Azure SQL Database is a relational database-as-a service using the Microsoft SQL Server Engine. SQL Database is a high-performance, reliable, and secure database you can use to build data-driven applications and websites in the programming language of your choice, without needing to manage infrastructure.
Azure Synapse Analytics Data Warehouse is a massively parallel processing (MPP) cloud-based, scale-out, relational database capable of processing massive volumes of data.
Size of Data
The size of a database in Synapse Analytics DW is virtually unlimited. The only limit is your wallet and blob storage is inexpensive. Further if clustered columnstore indexes are leveraged, the compression of data at around 10% permits even larger databases to be stored.
Because each shard is connected to its own blob storage, any limits imposed by Azure SQL Server on database size are mitigated.
In a well-designed Synapse Analytics DW implementation, every shard will be independently operating on its own set of data in parallel with the other shards.
SMP vs MPP
As we can see in the above illustrations, there are substantial differences in how work will be accomplished in each of these architectures. Central to the MPP architecture is the shard. What is a shard? For our purposes here, it is one of the SQL compute nodes and its associated blob storage, referred to above as a worker node. Shards are horizontal partitions of data. It is possible that some data exists on all shards, but the typical usage is for a shard to own a subset of the overall data. Every shard is held on one database server. Each shard acts as the single source for a subset of data, determined by the distribution chosen.
There are different design considerations as well as limitations in t-SQL in MPP compared to SMP, all of which we will explore further. The focus will be on what needs to be considered in Azure Synapse Analytics data warehouse when one is accustomed to working with any of the other flavors of MS SQL Server.

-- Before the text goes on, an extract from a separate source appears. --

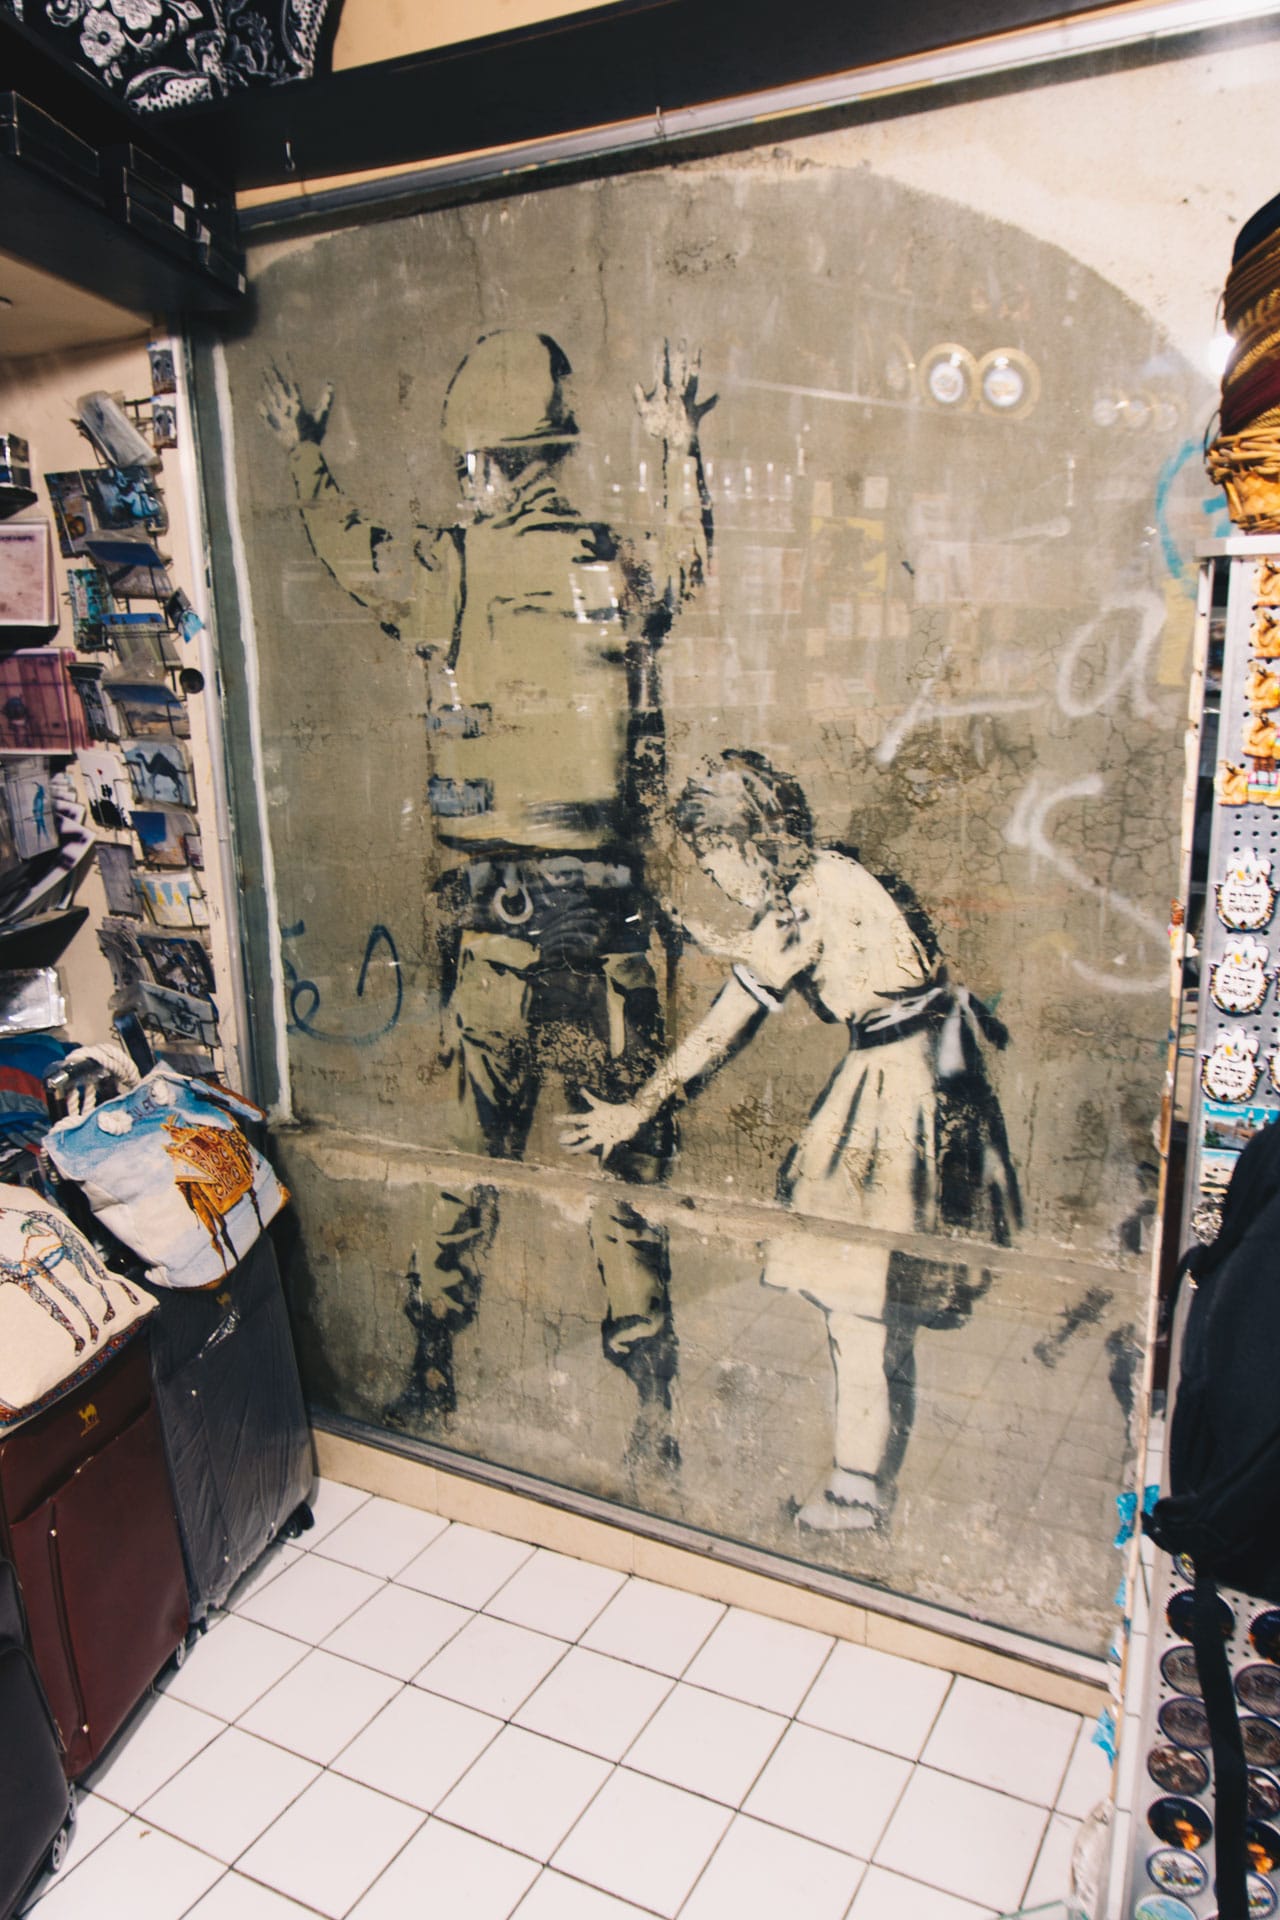 Banksy w Betlejem

Declarative Referential Integrity
Referential integrity constraints cannot be applied in the Synapse Analytics data warehouse due to their being:
- No primary keys
- No foreign keys
- No unique constraints
There are probably several reasons for this, but they likely center on performance considerations, particularly if enforcement requires the database to visit other shards to determine if there is a violation. If uniqueness or existence must be enforced, then it must be done in code.
Additionally, it is possible that the engineers of the original PDW may have decided that the data coming to the data warehouse should have already been cleansed, deduped, etc. A cost/benefit analysis of applying referential integrity may have been decided in favor of not implementing the constraints.
The distribution of a table in an MPP architecture defines how data will be distributed among the shards.
The distribution of a table in an MPP architecture defines how data will be distributed among the shards. While this can be considered a partitioning of the data, it is not the same as the partitioning of data that SQL Server supports. Synapse Analytics also supports that method of partitioning. Three methods are available for defining the distribution of data in a shard of a table:
As the name suggests, the control node distributes data sequentially through the shards. By definition, data is well distributed among each of the worker nodes.
For a distribution that is set to REPLICATE, a copy of the data is retained on every shard. This is generally most applicable to reference tables where the data is ‘small’. Movement of data to the shards to satisfy join lookups is avoided unless the looked-up data is modified. Data in a replicated table is maintained on the control node and copied as needed to the individual shards.
In the HASH distribution, the data is organized among the shards based on a hashed value of the column passed as a parameter to the hash function. Only one column may be used in the HASH() function. There are many considerations when choosing the column to hash. The choice should allow as many operations as possible to be pushed to the individual shards such that they can be performed in parallel. For more information on making the choice feel free to reach out to the author.
One can easily convert between a clustered columnstore index and a heap using the normal CREATE and DROP statements.
Indexing for a sharded database generally follows the rules one would apply to a traditional database with a few exceptions. A table should be expected to contain at least 1 million records per shard for a clustered columnstore index to be effective. For most Synapse Analytics data warehouses that means 60 million records. Otherwise, a heap should be chosen. Ordinary indexes, clustered and nonclustered may be defined. Unique indexes are not permitted.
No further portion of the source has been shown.